2.11 Statements by Defendant

You have heard evidence that [defendant] made a statement in which the government claims [he/she] admitted certain facts.

It is for you to decide (1) whether [defendant] made the statement, and (2) if so, how much weight to give it. In making those decisions, you should consider all of the evidence about the statement, including the circumstances under which the statement may have been made [and any facts or circumstances tending to corroborate or contradict the version of events described in the statement].

Comment(s)

(1) The instruction uses the word “statement” to avoid the more pejorative term “confession.”

(2) A judge is required to give this instruction if the defendant has raised “a genuine factual issue concerning the voluntariness of such statements . . ., whether through his own or the Government’s witnesses[.]” United States v. Fera, 616 F.2d 590, 594 (1st Cir. 1980). Under 18 U.S.C. § 3501(a), “[i]f the trial judge determines that the confession was voluntarily made it shall be admitted in evidence and the trial judge shall permit the jury to hear relevant evidence on the issue of voluntariness and shall instruct the jury to give such weight to the confession as the jury feels it deserves under all the circumstances.” (Dickerson v. United States, 530 U.S. 428 (2000), held that 18 U.S.C. § 3501 did not displace the constitutional requirements of Miranda v. Arizona, 384 U.S. 436 (1966), but Dickerson did not say that section 3501 has no effect at all. It seems safer, therefore, to charge in light of section 3501 even if Miranda requirements are satisfied.) See also Crane v. Kentucky, 476 U.S. 683, 687-91 (1986) (holding exclusion of testimony about circumstances of confession deprived defendant of a fair opportunity to present a defense). The First Circuit has held that, “[o]nce the judge makes the preliminary finding of voluntariness, the jury does not make another independent finding on that issue. Under this procedure, the jury only hears evidence on the circumstances surrounding the confession to aid it in determining the weight or credibility of the confession.” United States v. Campusano, 947 F.2d 1, 6 (1st Cir. 1991) (quoting United States v. Nash, 910 F.2d 749, 756 (11th Cir. 1990) (quoting United States v. Robinson, 439 F.2d 553, 575 (D.C. Cir. 1970) (McGowan, J., dissenting))).

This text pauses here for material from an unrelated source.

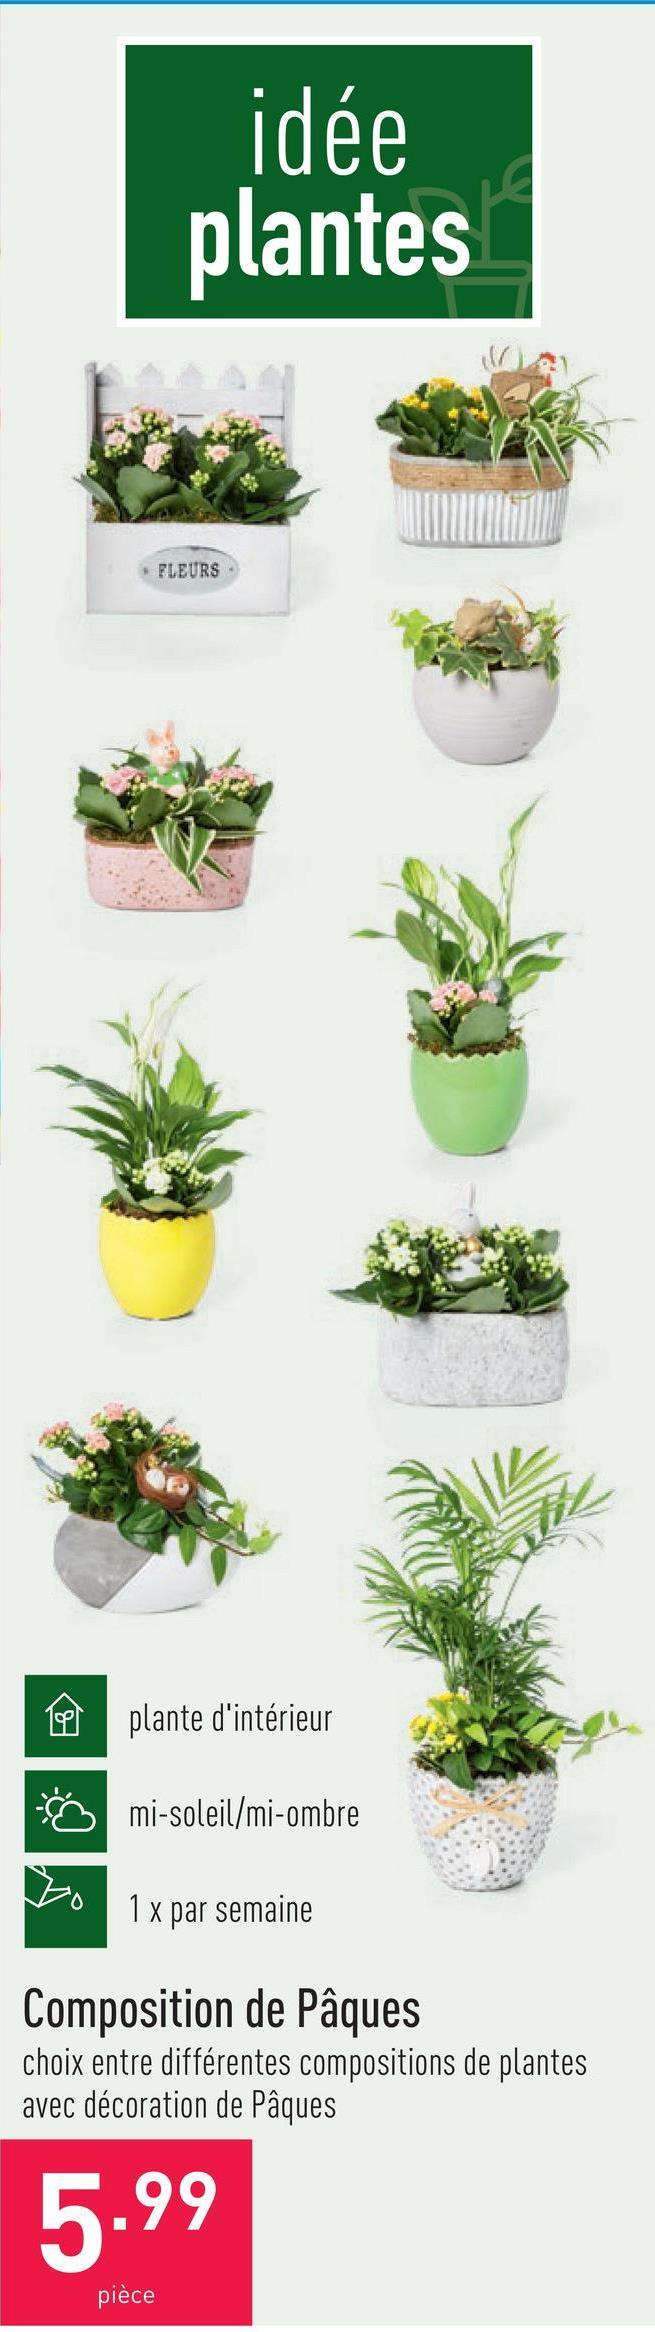 Composition de Pâques choix entre différentes compositions de plantes avec décoration de Pâques, plante d'intérieur, mi-soleil/mi-ombre, arroser 1 x par semaine
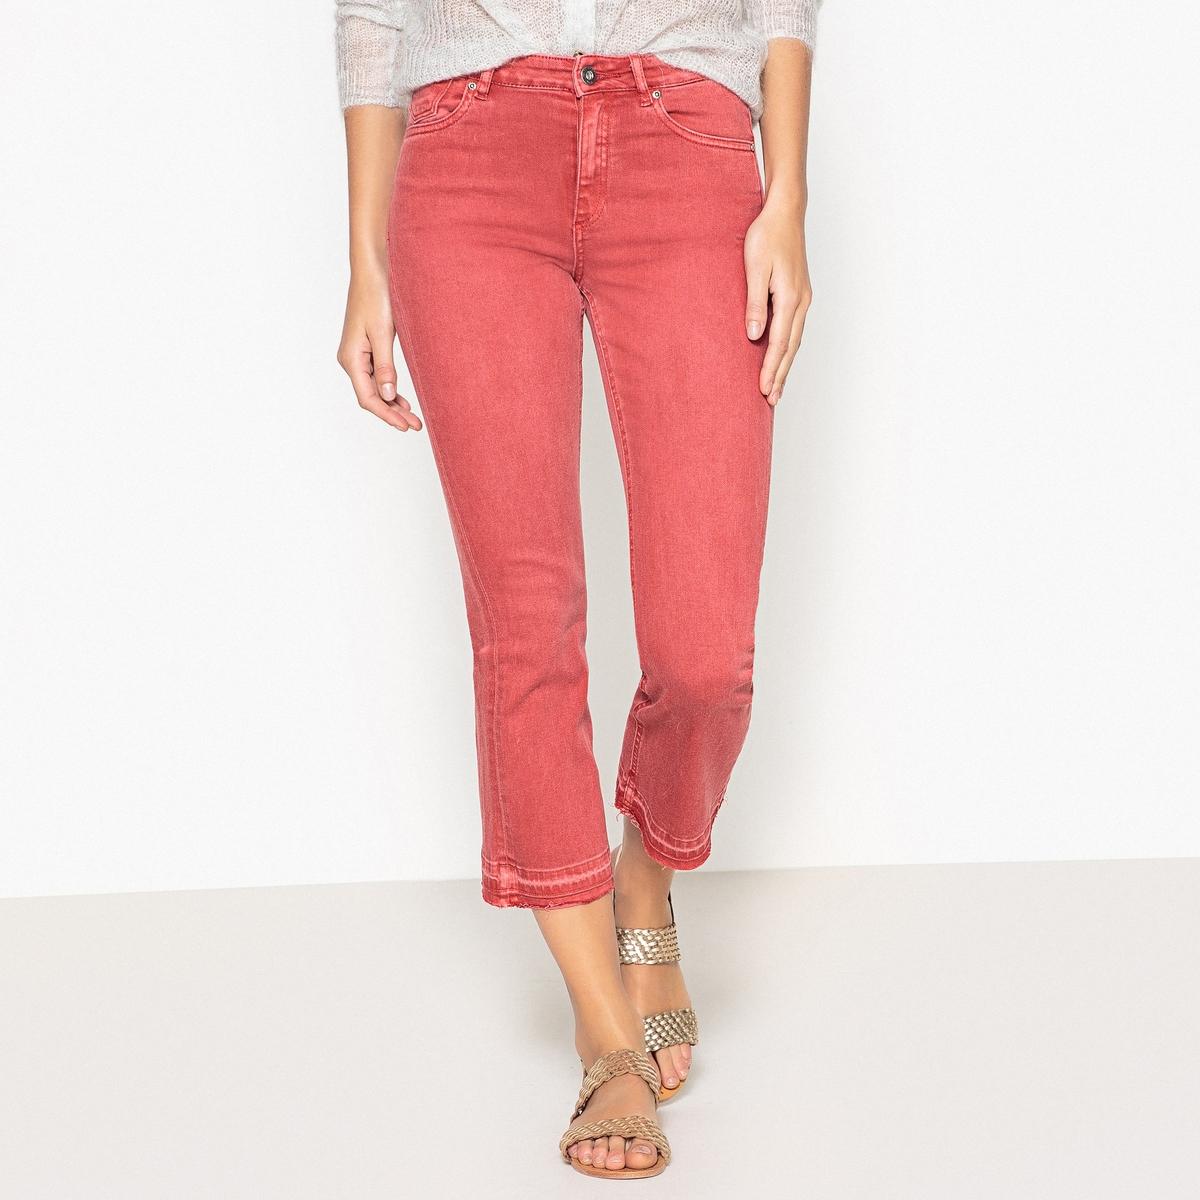 Джинсы укороченные и расклешенные, длина 32 джинсы расклешенные длина 34

(3) In addition to determining whether a defendant’s statement was voluntarily made, the court must “make[] a preliminary determination as to whether testimony about the confession is sufficiently trustworthy for the jury to consider the confession as evidence of guilt.” United States v. Singleterry, 29 F.3d 733, 737 (1st Cir. 1994) (citations omitted). “The general rule is that a jury cannot rely on an extrajudicial, post-offense confession, even when voluntary, in the absence of ‘substantial independent evidence which would tend to establish the trustworthiness of [the] statement.’” Id. (alteration in original) (quoting Opper v. United States, 348 U.S. 84, 93 (1954)). If evidence of the statement is admitted, “the court has the discretion to determine that the question of trustworthiness is such a close one that it would be appropriate to instruct the jury to conduct its own corroboration analysis.” Id. at 739. That is the purpose of the bracketed language in the instruction. “[A] judge has wide latitude to select appropriate, legally correct instructions to ensure that the jury weighs the evidence without thoughtlessly crediting an out-of-court confession.” Id.